Several prospective epidemiological studies have shown that there is a clear inverse relationship between serum high-density lipoprotein-cholesterol (HDL-C) concentrations and risk for coronary heart disease (CHD), even at low-density lipoprotein-cholesterol (LDL-C) levels below 70 mg/dL. However, more recent evidence from genetic studies and clinical research has come to challenge the long-standing notion that higher HDL-C levels are always beneficial, while lower HDL-C levels are always detrimental. Thus, it becomes apparent that HDL functionality plays a much more important role in atheroprotection than circulating HDL-C levels. HDL cholesterol efflux capacity (CEC) from macrophages is a key metric of HDL functionality and exhibits a strong inverse association with both carotid intima-media thickness and the likelihood of angiographic coronary artery disease (CAD), independent of the HDL-C level. Thus, extensive research is being conducted to identify new agents with a favorable side effect profile, which would be able to enhance CEC, improve HDL functionality and potentially decrease cardiovascular risk. This review aims to present and discuss the current clinical and scientific evidence pertaining to the significance of HDL functionality over the actual HDL-C concentration in mediating the favorable effects on the cardiovascular system. Thus, we conducted a PubMed search until December 2017 through the English literature using the search terms 'HDL function/functionality', 'HDL properties', 'cardiovascular risk' and 'cholesterol efflux capacity'. We also included references from the articles identified and publications available in the authors' libraries.

Introduction

Cardiovascular disease (CVD) is the leading cause of death worldwide, being responsible for approximately 30% of the annual global mortality [1]. In the United States the disease is highly prevalent and over one-third of the population has CVD [2]. Several prospective epidemiological studies have shown that there is a clear inverse relationship between serum high-density lipoprotein-cholesterol (HDL-C) concentrations and risk for coronary heart disease (CHD), even at low-density lipoprotein-cholesterol (LDL-C) levels below 70 mg/dL [3,4]. Furthermore, it has been estimated that for each increment of 1 mg/dL in HDL-C, the CHD risk is reduced by 3% in women and by 2% in men [5].

However, more recent evidence from genetic studies and clinical research has come to challenge the long-standing notion that higher HDL-C levels are invariably beneficial, while lower HDL-C levels are always detrimental [6].

In a genetic study, three functional variants of hepatic lipase associated with a modest rise in levels of HDL-C did not improve cardiovascular risk [7]. On the other hand, functional mutations in ATP-binding cassette transporter A1 (ABCA1) leading to a 29.3% reduction in HDL-C levels, did not adversely affect cardiovascular risk [8]. Furthermore, it was shown that carriers of a single nucleotide polymorphism in the endothelial lipase gene leading to an increase of HDL-C levels by 5.4 mg/dL, but with similar levels of other lipid and nonlipid cardiovascular risk factors, did not enjoy a reduced risk of myocardial infarction, as compared with noncarriers [9]. In a review, which discussed the latest insights for HDL-C-associated genes, as well as evidence from large-scale genome-wide association studies, it was concluded that the current data do not support a direct causal relation between molecularly defined HDL disorders and atherosclerosis per se [6,10]. In a large clinical study, higher preoperative HDL-C levels were not associated with reduced risk of vascular events in patients with coronary artery disease (CAD) undergoing coronary artery bypass grafting (CABG) [11]. More importantly, it has been shown that very high LDL-C levels and/or very large HDL particle size are associated with increased risk for CAD [12]. This observation, along with the detrimental, neutral or at most slightly positive effects on CVD risk conferred by the cholesteryl ester transfer protein (CETP) inhibitors, despite a large increase in HDL-C levels (from 31% and up to 133.2%) [13-16], significantly weaken the notion that high HDL-C levels are always protective [6].
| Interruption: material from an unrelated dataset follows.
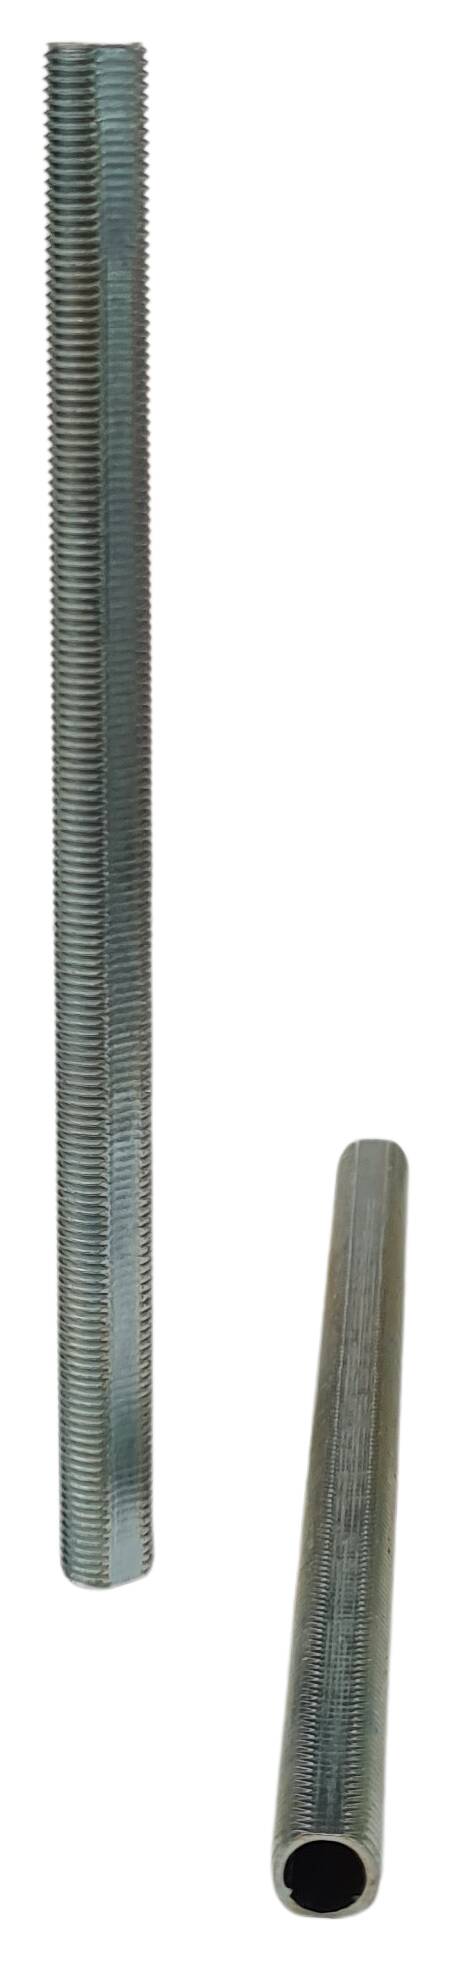 iron thread tube M10x1x135 profil zinc

This review aims to present and discuss the current clinical and scientific evidence pertaining to the significance of HDL functionality over the actual HDL-C concentration for determining cardiovascular risk. Thus, we conducted a PubMed search until December 2017 through the English literature using the search terms ‘HDL function/functionality’, ‘HDL properties’, ‘cardiovascular risk’ and ‘cholesterol efflux capacity’. We also included references from the articles identified and publications available in the authors’ libraries.
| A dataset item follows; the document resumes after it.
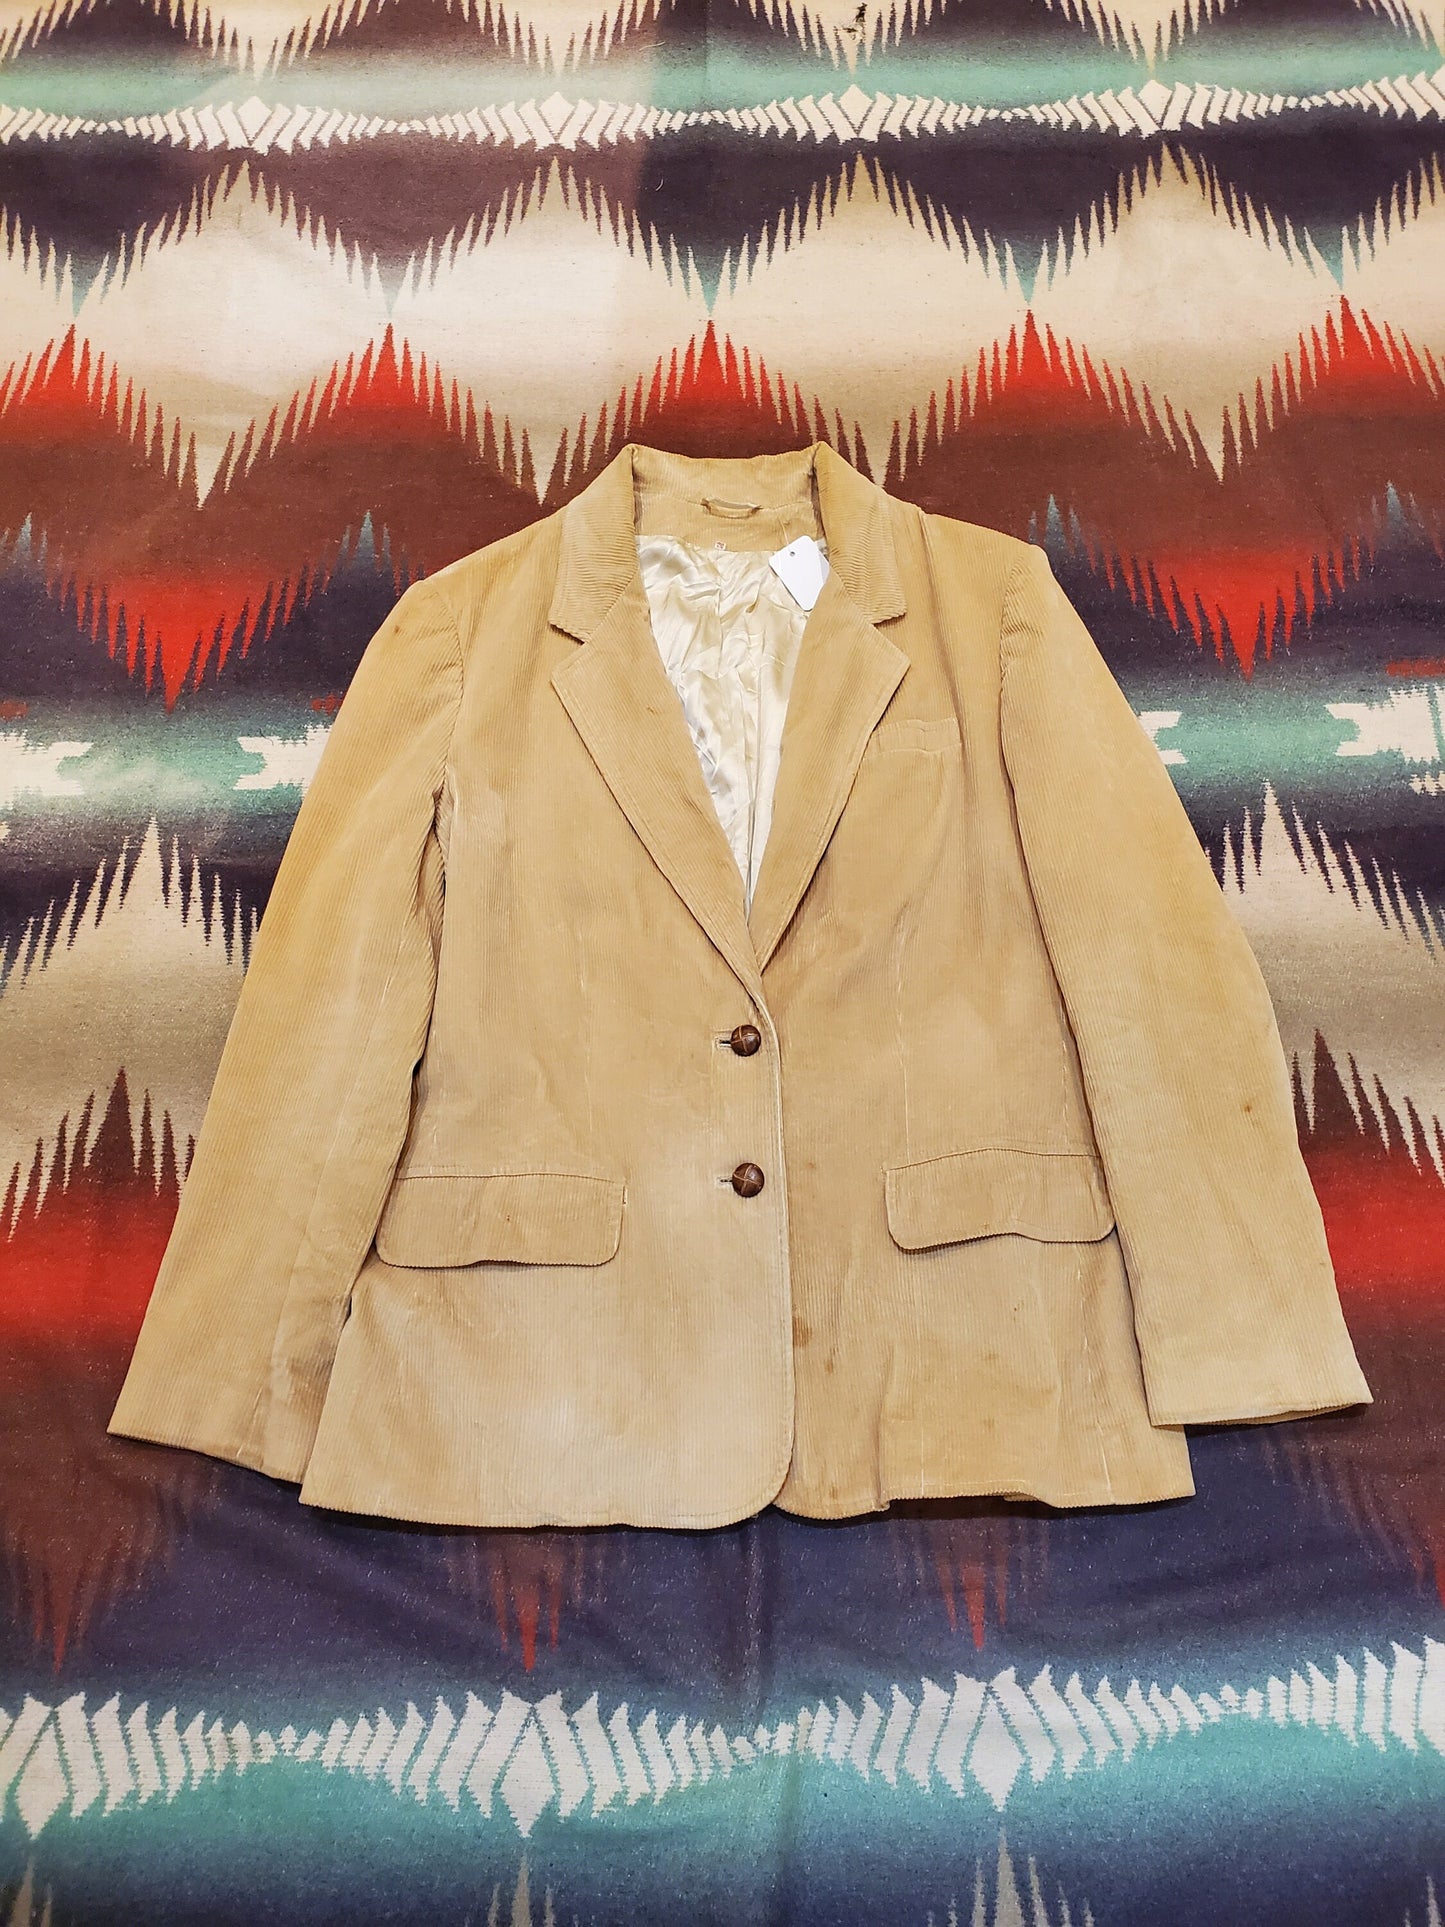 1980s Sears Classic Fashions Corduroy Blazer Jacket Size M

Composition and biological functionality of HDL

HDL constitutes a heterogeneous group of particles differing in density, size, electrophoretic mobility, and apolipoprotein content [17]. The major HDL apolipoproteins are ApoA-I and ApoA-II, and both are required for normal HDL biosynthesis. ApoA-I is synthesized in both the intestine and the liver, constitutes approximately 70% of HDL protein, and is present on virtually all HDL particles. ApoA-II is synthesized only in the liver, constitutes approximately 20% of HDL protein, and is present on about two-thirds of HDL particles in humans [18].

Mass spectrometry studies have revealed that the HDL particles carry a multiplicity of proteins, which not only affect lipid metabolism but are also involved in complement regulation, acute-phase response and proteinase inhibition [19]. Lipidomic approaches have identified more than 200 molecular lipid species in normolipidemic HDL, including phospholipids, sphingolipids, steroids, cholesteryl esters, triglycerides, diacylglycerides, monoacylglycerides and free fatty acids [20]. Furthermore, it has to be emphasized that HDL consists of a group of particles with marked structural, physiochemical, compositional and functional heterogeneity and with significant differences in their biological activities [6,20,21]. Thus, it becomes evident that, given this vast heterogeneity of biological functions, HDL functionality cannot be inferred from the plain measurement of plasma HDL-C levels [22].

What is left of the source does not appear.